AI-ready networks: Why legacy infrastructure falls short

Most data center infrastructure was not built for AI workloads. Oversubscribed architectures and TCP/IP limitations create bottlenecks that throttle AI-ready networks at scale.

An AI‑ready network is one built to support intensive demands. It features ultra‑high throughput, low and predictable latency, lossless interconnects, and automation that enables the fabric to self-heal and scale. Engineers must act now because the network isn’t just a supporting player; it’s the foundation. If your network isn’t prepared, you risk underutilizing your AI compute, failing to meet performance SLAs, and limiting the growth of your AI initiatives. Modernizing sooner means you can scale efficiently, reduce costly bottlenecks, and fully leverage your AI investments.

What does “AI‑ready” mean for a network?

An AI‑ready network moves data in ways that support the unique demands of modern artificial intelligence systems, enabling the network to evolve and optimize over time.

Key characteristics of an AI‑ready network

Traits of an AI‑ready network include:

  • High performance & scalable throughput: According to insights from Kentik, networks handling AI-driven operations should use non-blocking topologies and high-density links to prevent oversubscription.
  • Congestion management: AI workloads often involve large, sustained data transfers. The network must intelligently manage these to avoid packet loss or bottlenecks. 
  • Resilience and redundancy: Failures can’t bring down critical AI operations. An AI‑ready network requires self-healing mechanisms, redundant paths, and a geo-diverse design.
  • Agility: Provisioning new compute regions or connecting new AI clusters should be quick and require no manual tickets.

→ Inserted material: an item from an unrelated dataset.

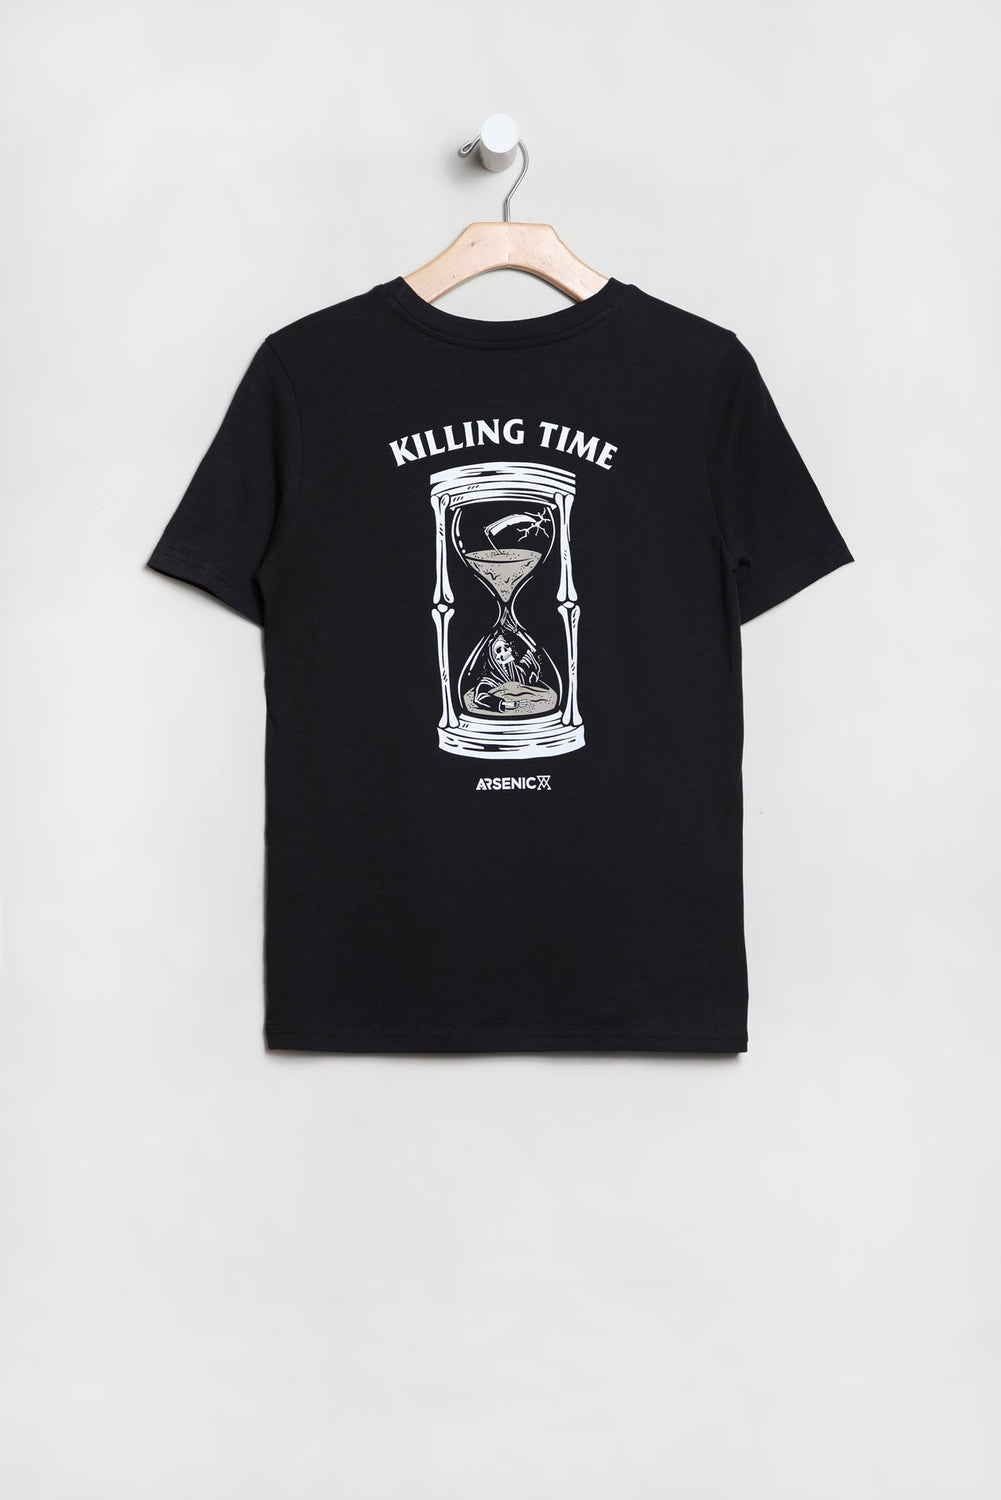 Arsenic Youth Killing Time T-Shirt Arsenic Youth Killing Time T-Shirt

Software-defined networking(SDN) and policy-driven workflows are key. 

Why many networks are not yet AI‑ready

Many existing networks were not designed for AI’s scale, speed, and synchronization demands. Here is what’s holding back the readiness of many current infrastructures.

Legacy architectures

Many data centers still use the access‑aggregate‑core (3‑tier) architecture, which often comes with significant oversubscription. That’s fine for conventional workloads, but AI training demands sustained, high-throughput, and many-to-many communication.

Traditional TCP/IP‑based networking struggles to cope with the lossless, low-latency traffic patterns generated by AI clusters. Retransmissions and latency spikes can hinder performance. 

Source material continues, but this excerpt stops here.